Quote the listing in full, exactly as given, minus any pictures.
Stored data START
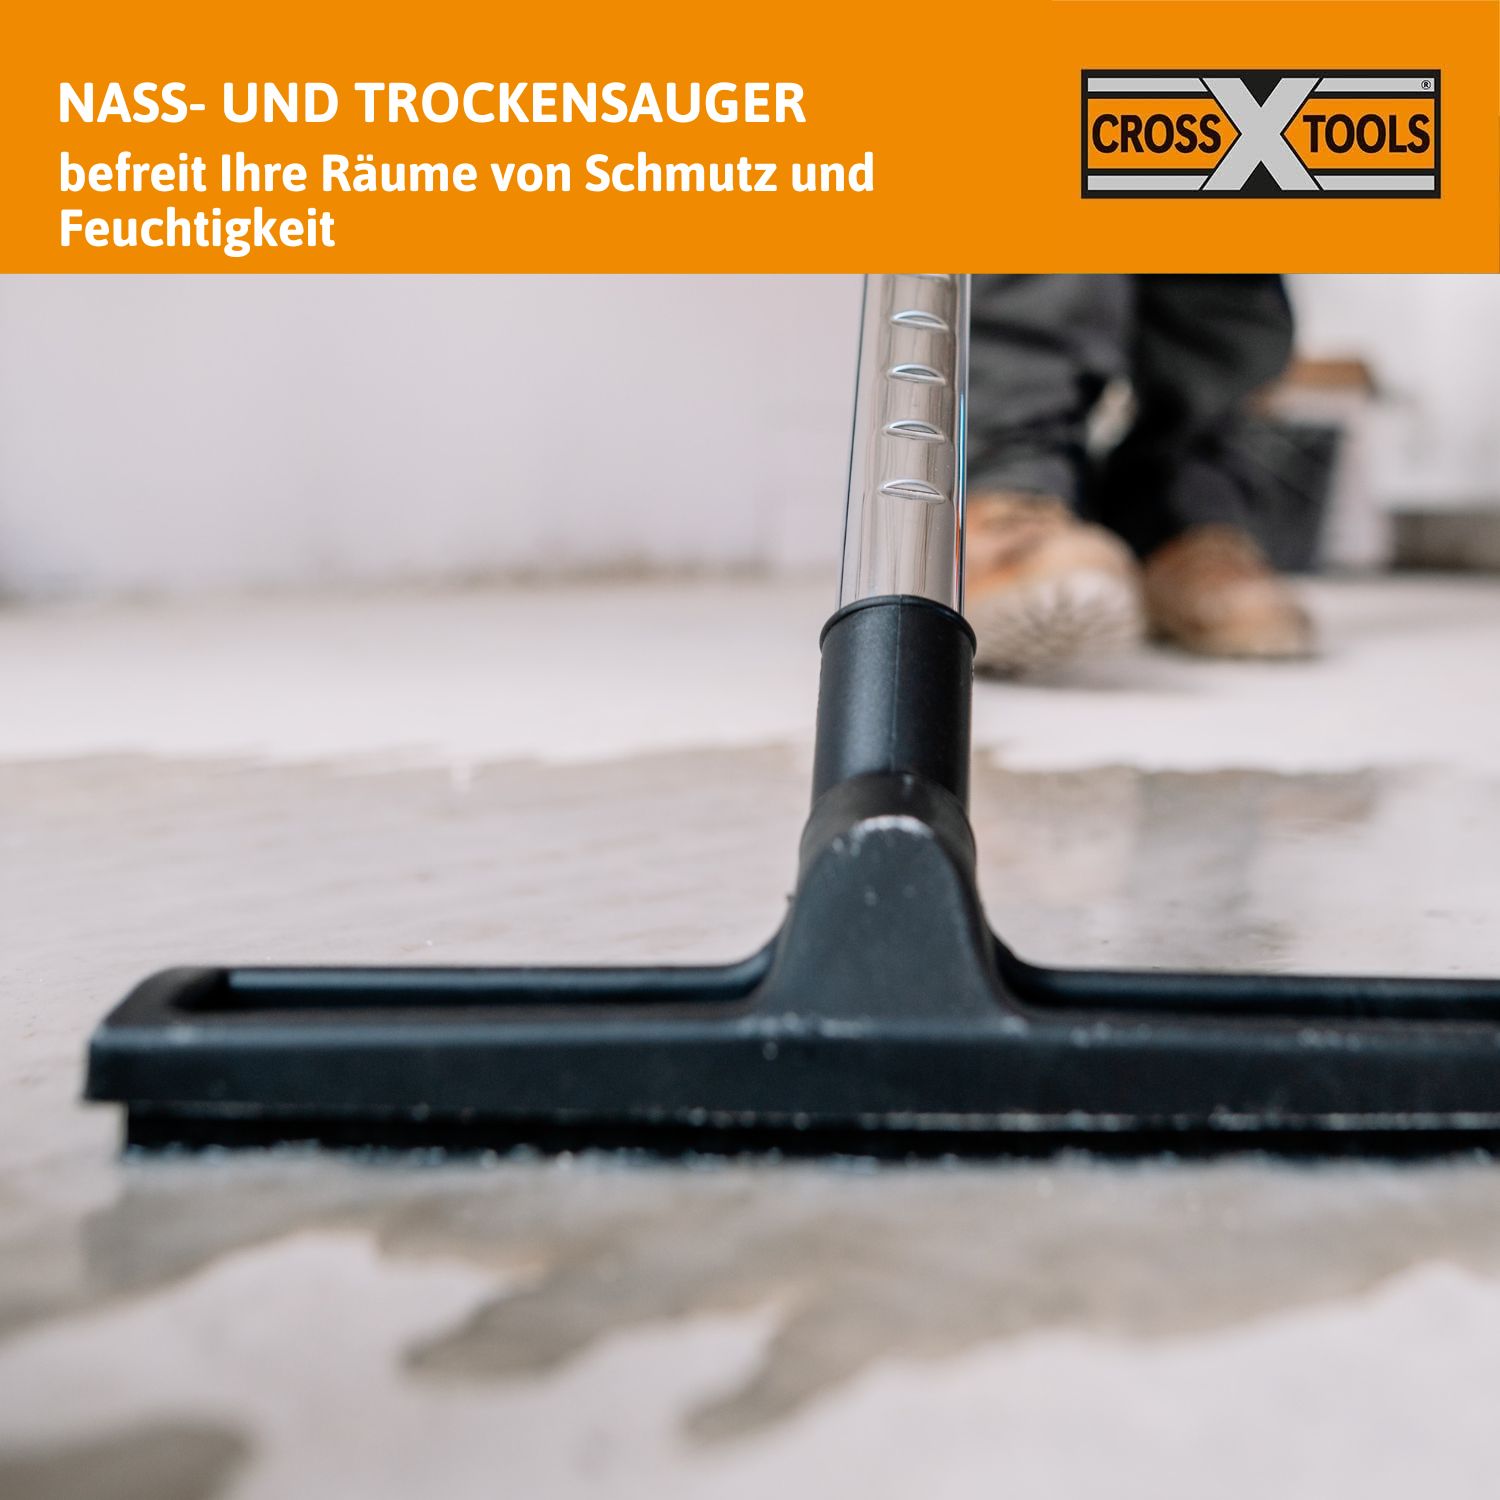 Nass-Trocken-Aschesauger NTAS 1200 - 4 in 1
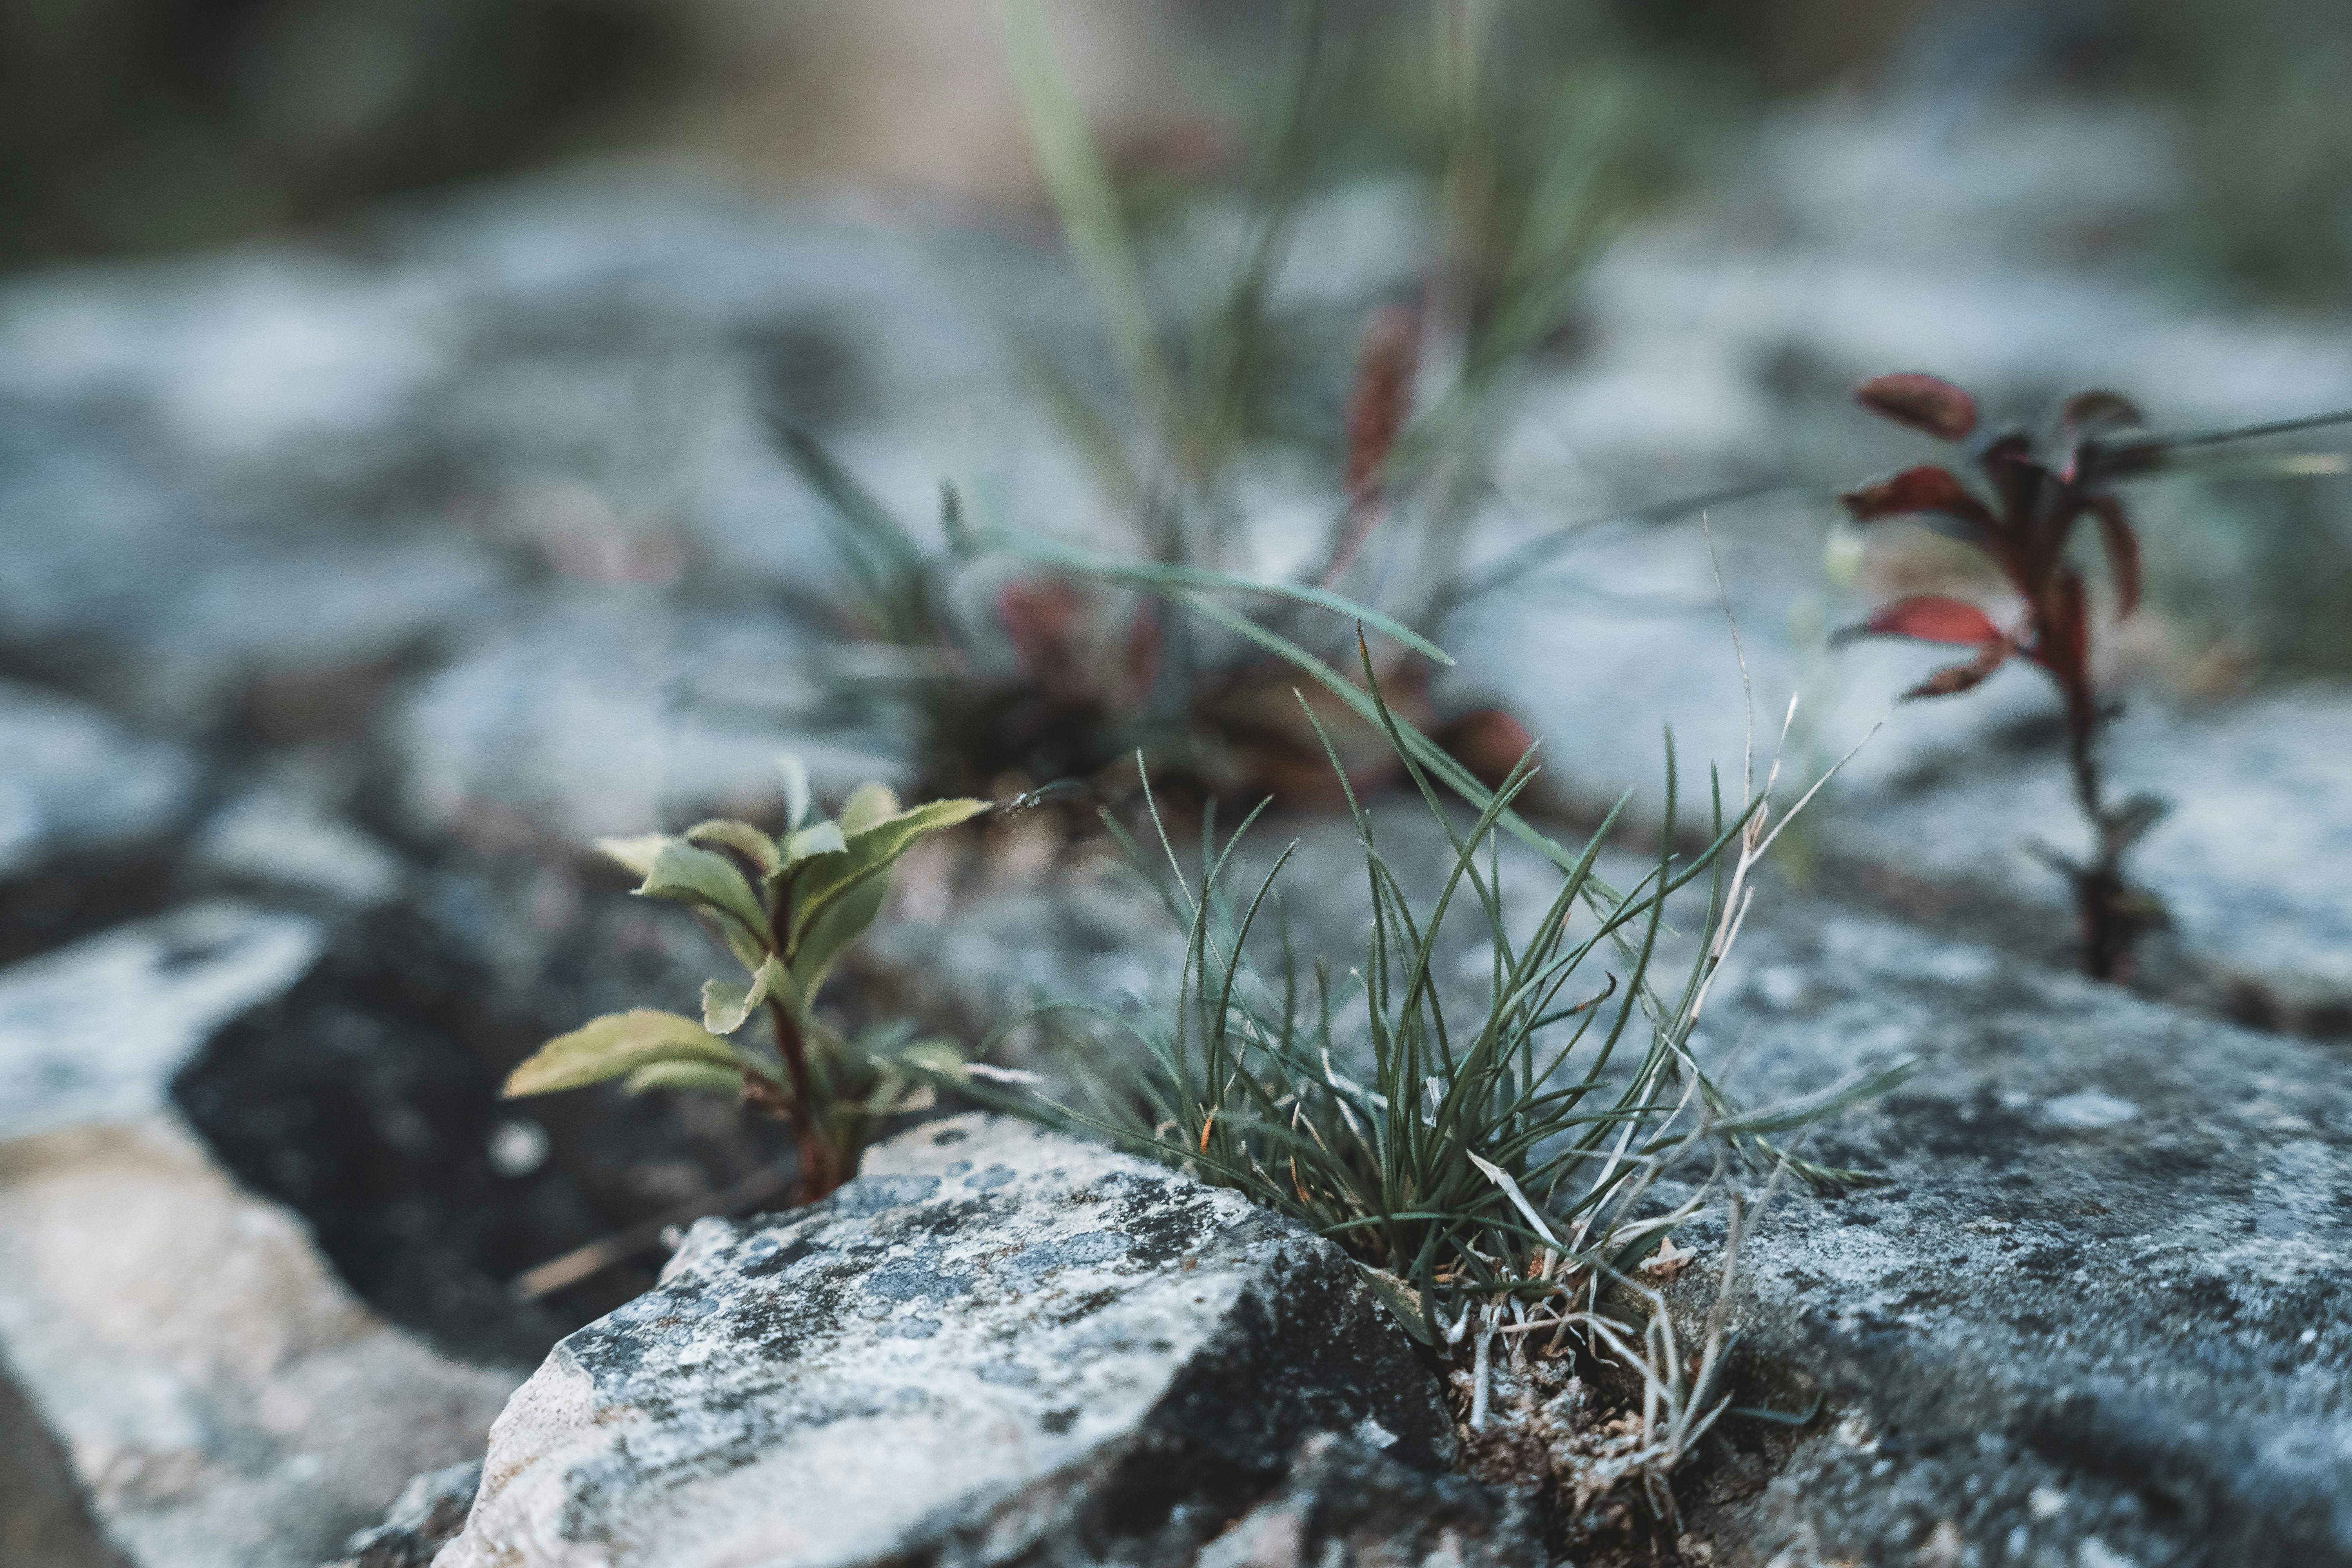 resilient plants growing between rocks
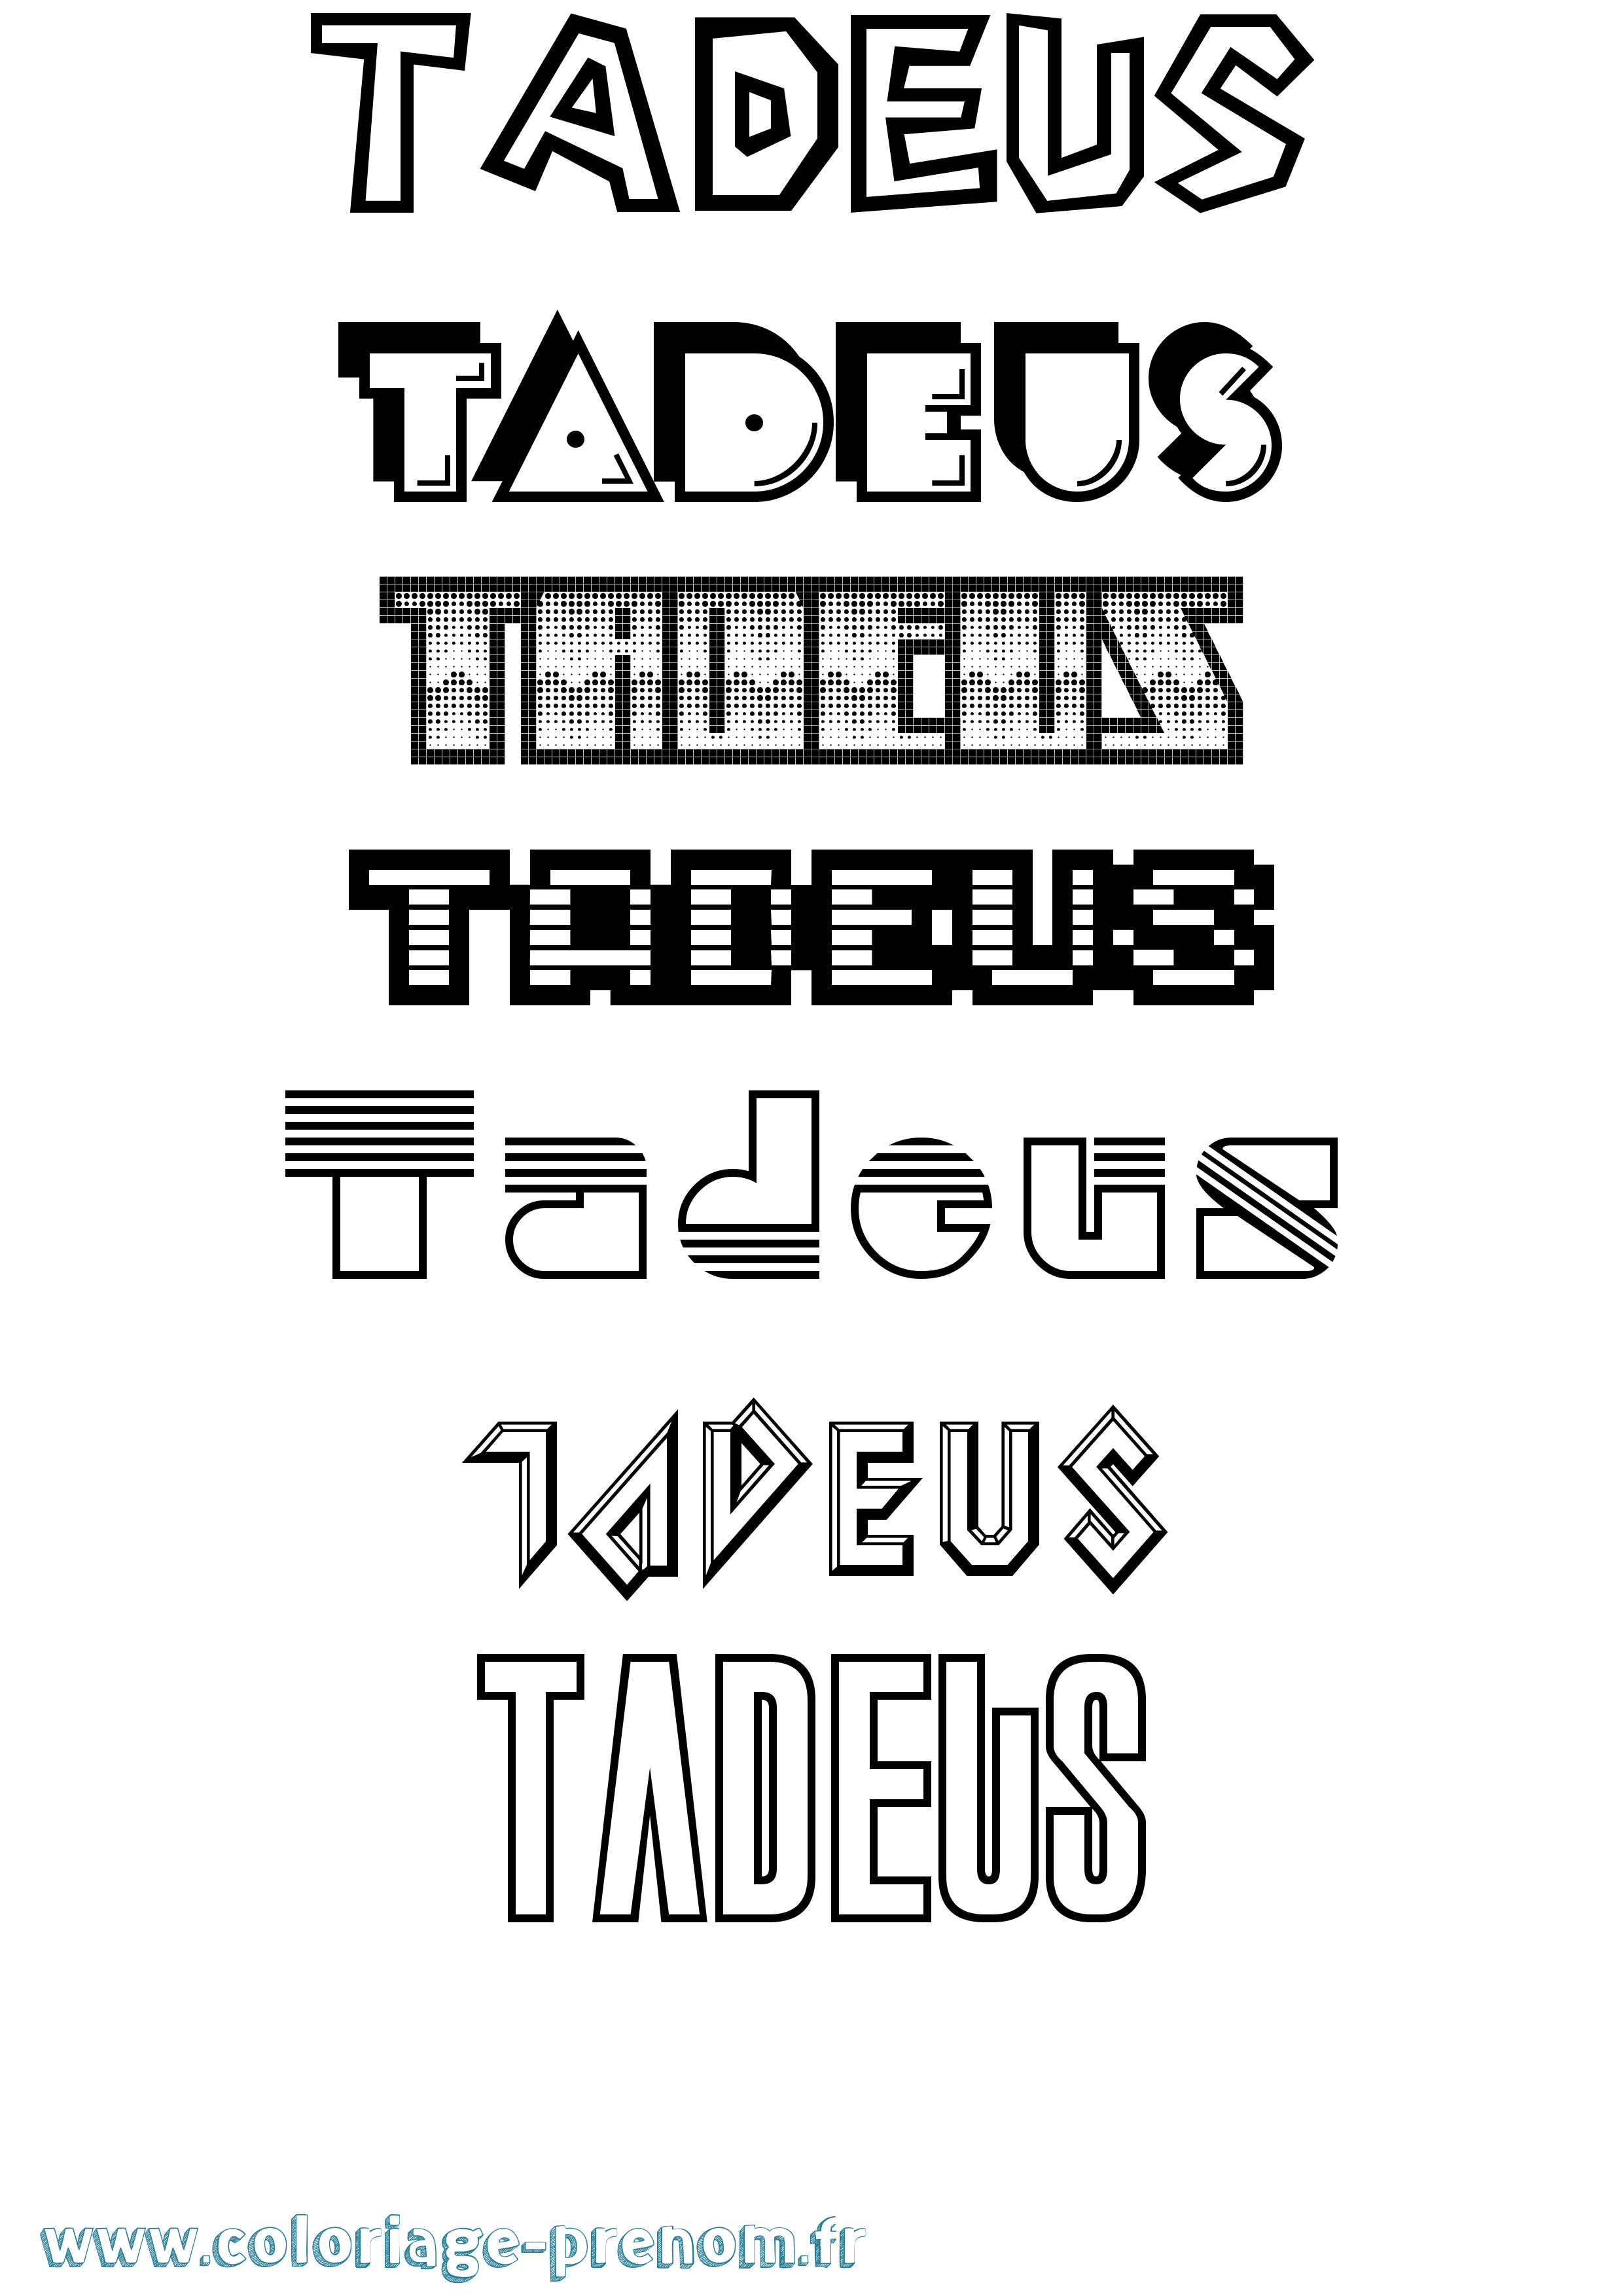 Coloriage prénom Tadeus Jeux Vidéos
Stored data END
#### Completed task:
 Nass-Trocken-Aschesauger NTAS 1200 - 4 in 1
 resilient plants growing between rocks
 Coloriage prénom Tadeus Jeux Vidéos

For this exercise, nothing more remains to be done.